WHAT NEEDS TO BE DONE » Copy the listing exactly, images excluded.

MATERIAL PROVIDED »

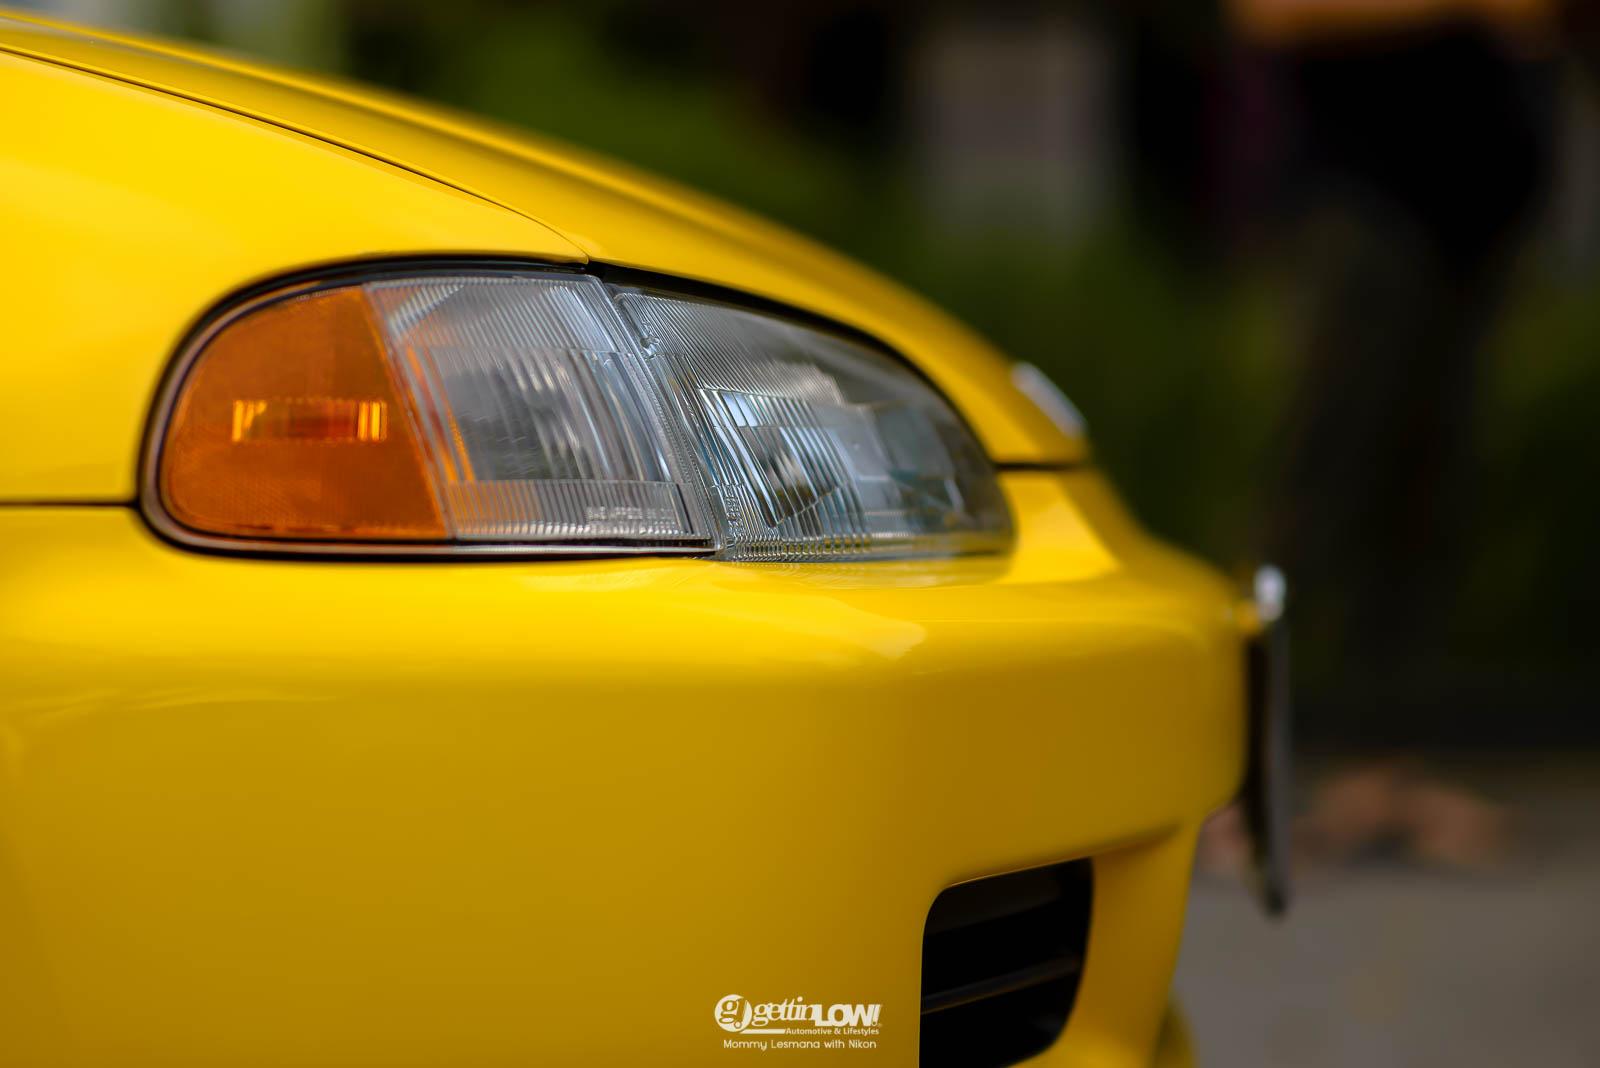 Franklin Honda Civic Estilo
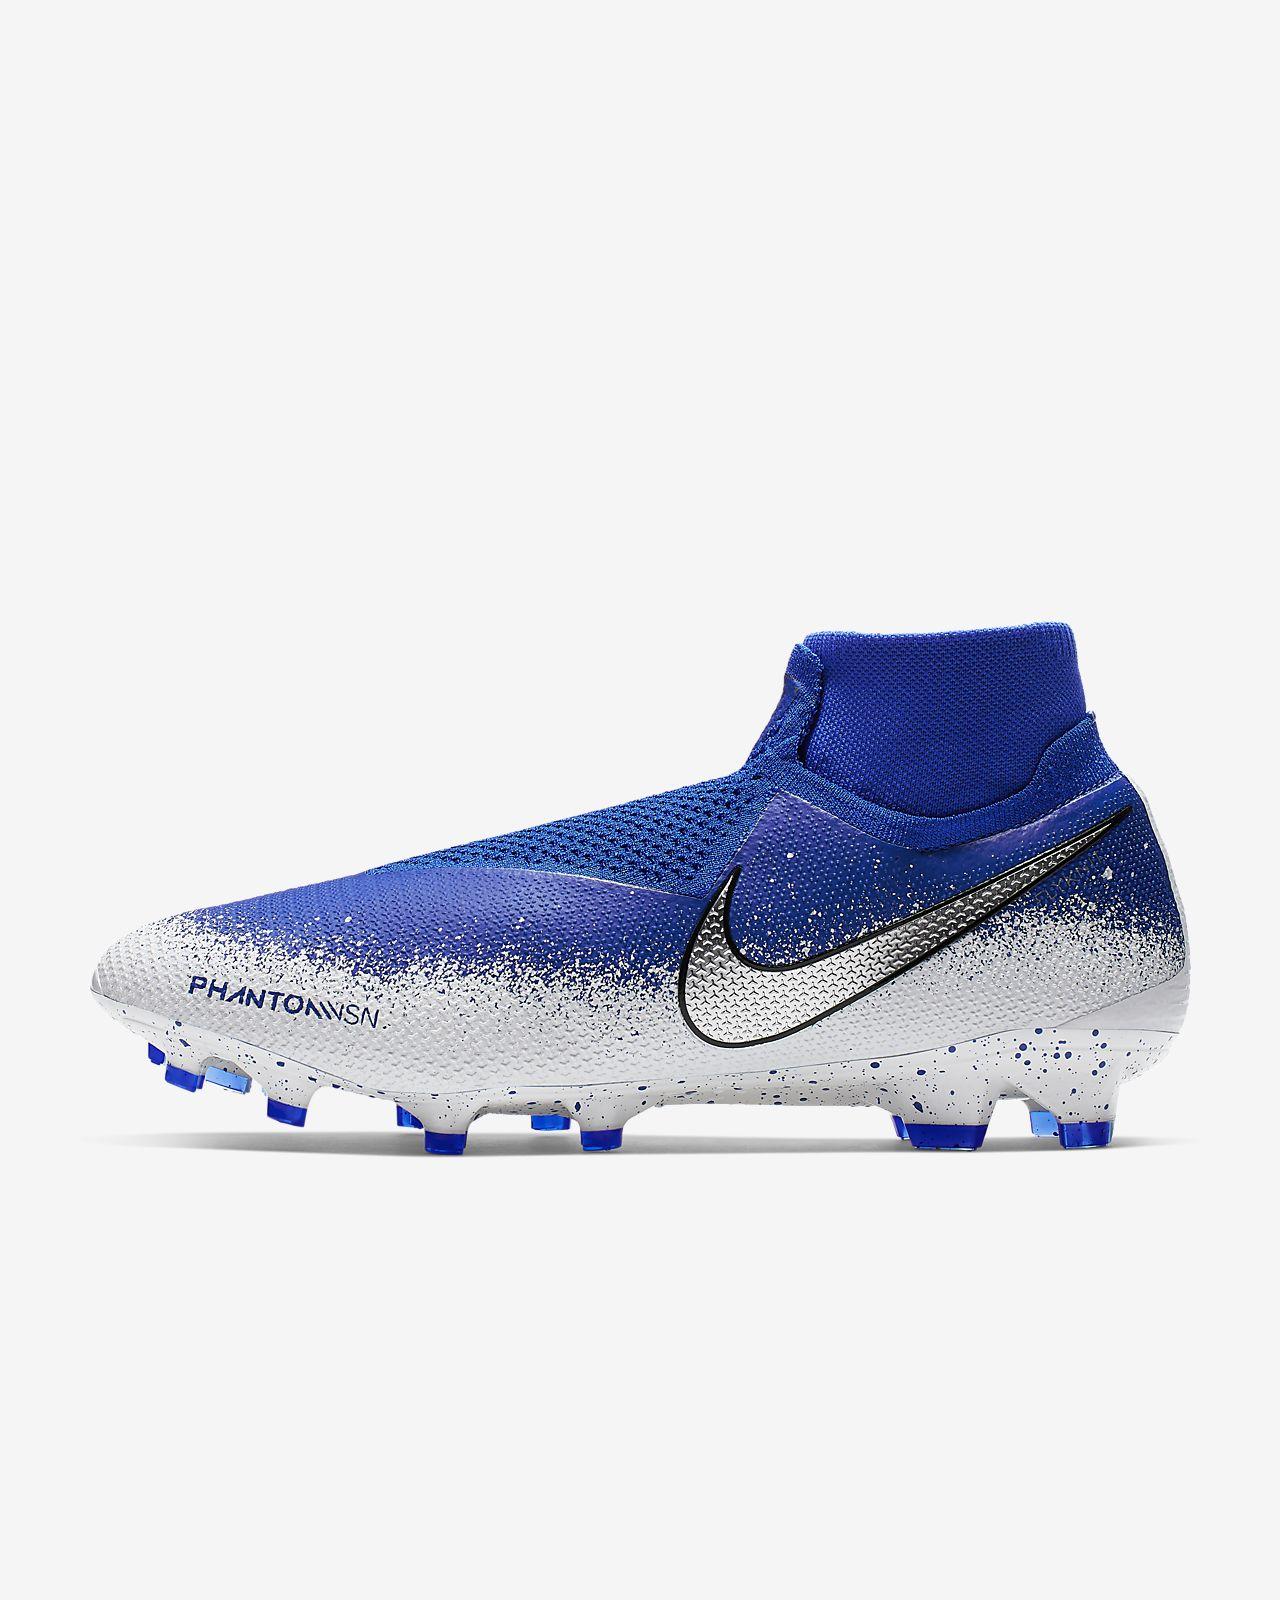 Pour Terrain Crampons De Nike À Sec Chaussure Phantom Football W9DYEHI2
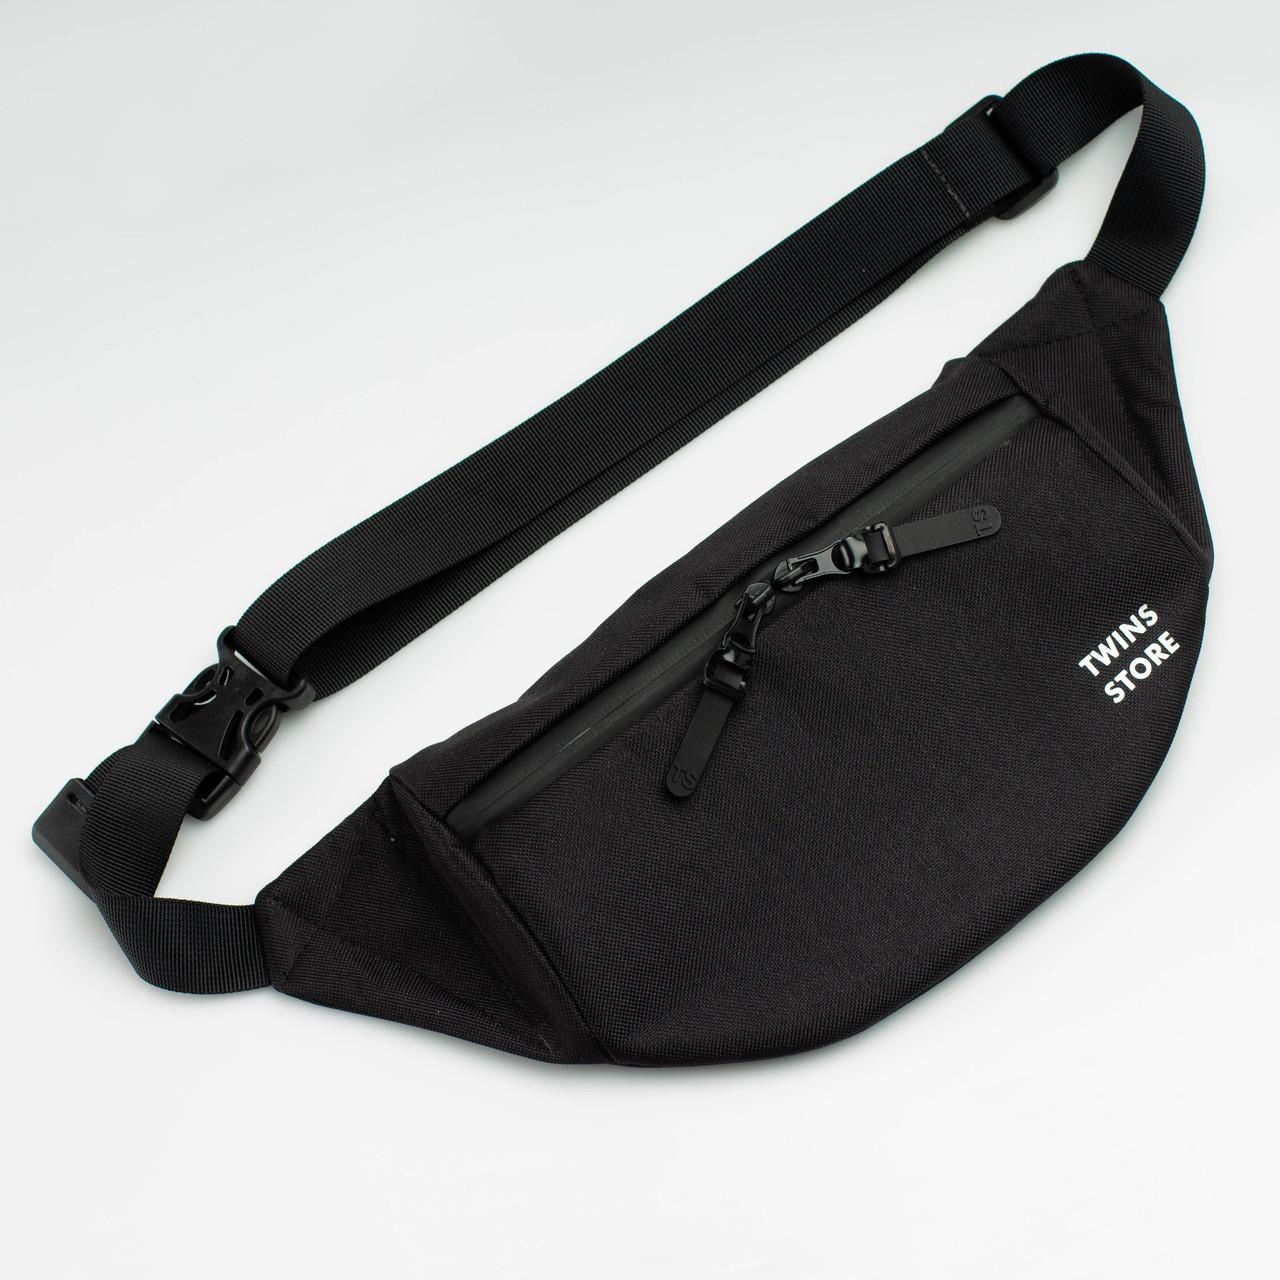 Поясная сумка Twins Large черная

ANSWER SPACE »
 Franklin Honda Civic Estilo
 Pour Terrain Crampons De Nike À Sec Chaussure Phantom Football W9DYEHI2
 Поясная сумка Twins Large черная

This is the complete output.